One paper has looked into this question.34 The cost-effectiveness of the annual use of urinary proteomics for early assessment and modeled intervention in patients with type 2 diabetes, demonstrated in a Markov model that the use of the CKD273 classifier was more expensive than use of albuminuria measurement but did also yield more quality-adjusted life years (QALYs), when used in a high-risk population. This sort of analysis is crucial to model the overall benefit of early screening and can probably be performed again with higher perceived accuracy after the publication of the PRIORITY study.
Projects like the National Institute of Diabetes Digestive and Kidney Diseases (NIDDK) Kidney Precision Medicine Project in the United States and BEAT-DKD (www.beat-dkd.eu) in Europe/United States are aiming to link pathophysiological understanding of underlying and individualized disease mechanisms to prediction and intervention, and may be able to identify links between tissue data from biopsies including histology and transcriptomic analyses to biomarkers identified in urine or perhaps blood, using metabolomic or proteomic methods and potentially linking this to genetic data and clinical characteristics for a personalized profile allowing target intervention with minimal side effects and optimal outcome;35 however to what extent multiomics markers will add in clinical care to single omics markers or combinations of even single clinical markers still remains to be documented within CKD although the many initiatives are promising. A systems biology approach, combining multiomics information, has been suggested as the way forward to better combine and understand information provided by the molecular biomarkers at different stages of disease as well as providing the platform for design of individualized treatment. Mulder et al.36 provide an in-depth overview of an approach trying to integrate data from different candidate markers to be used for prediction of both risk and treatment response.

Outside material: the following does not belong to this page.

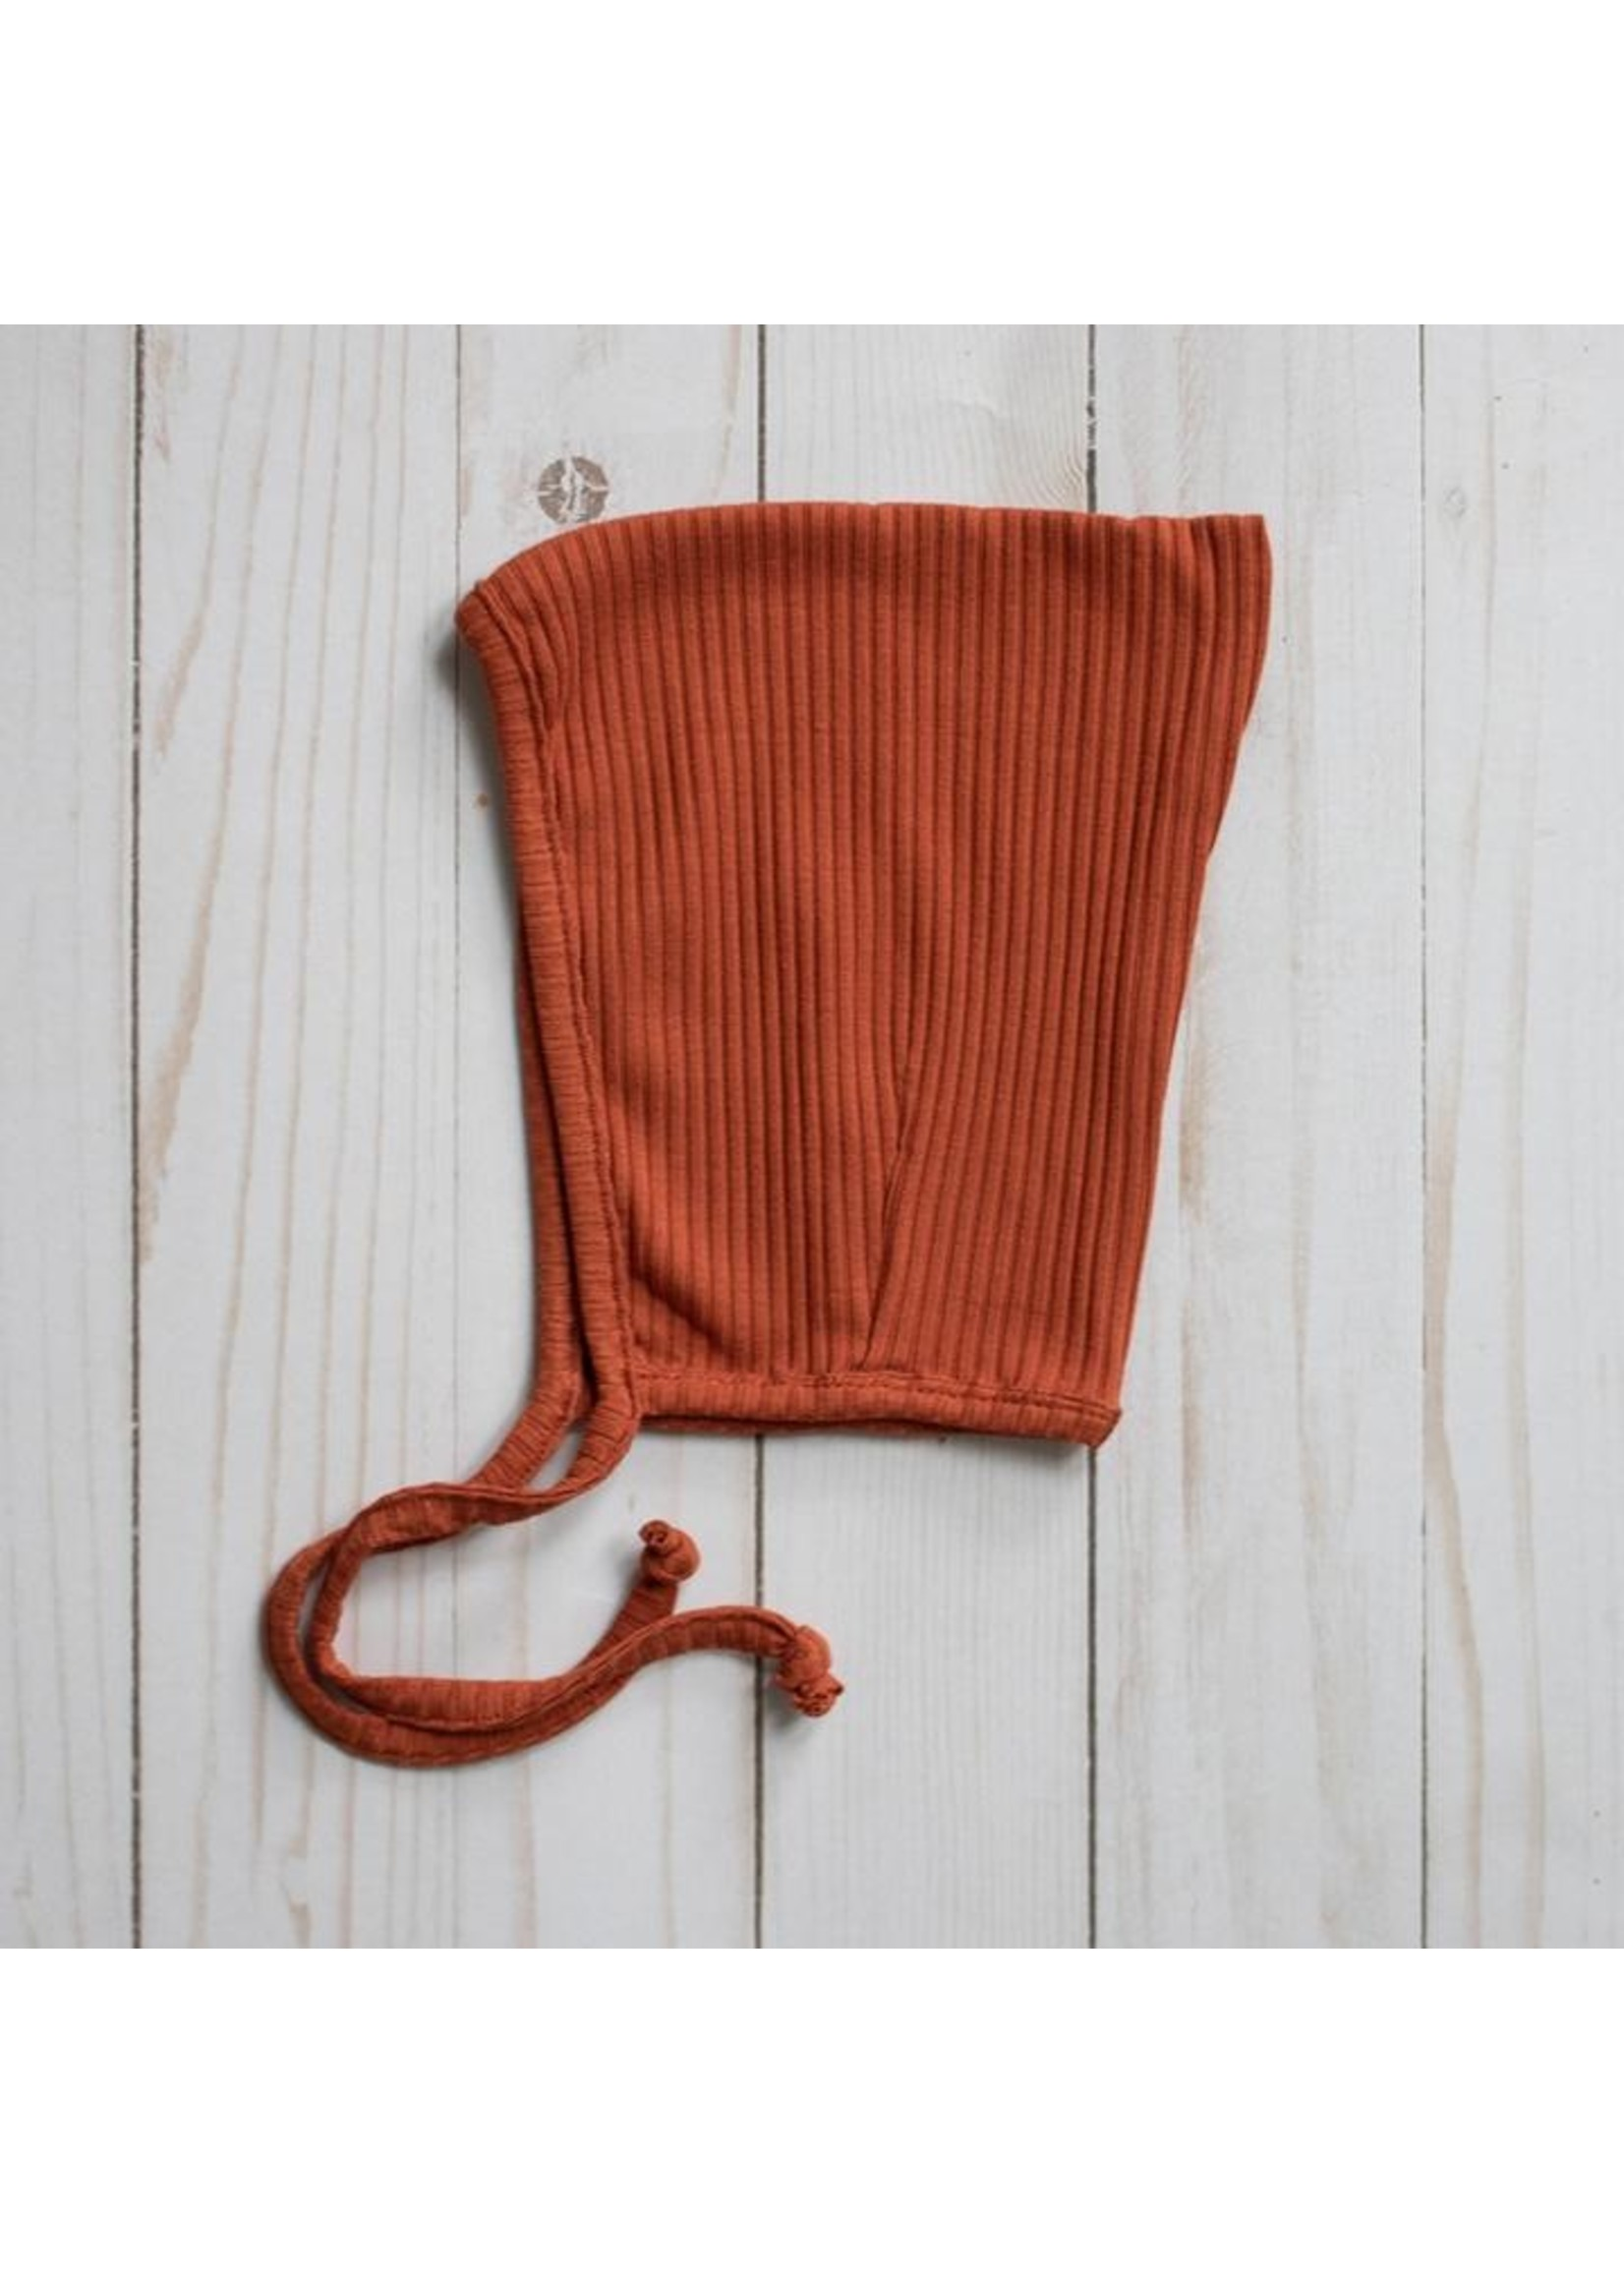 MASE & HATS Bonnet Pixie en Bamboo Rust

Taken together, after initial discovery stages, the area of urinary proteomics is currently undergoing strong and promising developments. Expecting continuing dedicated research efforts, the next stages will provide the necessary lessons needed before implementation in clinical practice can begin. This will depend on the results of the PRIORITY study and additional prospective clinical studies as well as a further detailed understanding of CKD pathology based on collected data. The day may soon come were kidney biopsies are abandoned and treatment is tailored based on urinary proteomic patterns.
Acknowledgements
The authors acknowledge support from the Novo Nordisk Foundation grant NNF14OC0013659 “PROTON Personalizing treatment of diabetic nephropathy” and the European Union Seventh Framework Programme (FP7/2007–2013) under grant agreement no. 279277 (PRIORITY).
Conflict of Interest
F.P. reports having received research grants from AstraZeneca, Novo Nordisk, and Novartis; and lecture fees from Novartis, Eli Lilly, MSD, AstraZeneca, Sanofi, MSD, Novo Nordisk, and Boehringer Ingelheim; and having served as a consultant for Astra Zeneca, Bayer, Amgen, Novo Nordisk, and MSD. P.R. reports having given lectures for Astra Zeneca, Bayer, and Boehringer Ingelheim; and has served as a consultant for AbbVie, Astra Zeneca, Bayer, Eli Lilly, Boehringer Ingelheim, Astellas, Janssen, and Novo Nordisk, with all fees paid to Steno Diabetes Center Copenhagen, and has equity interest in Novo Nordisk.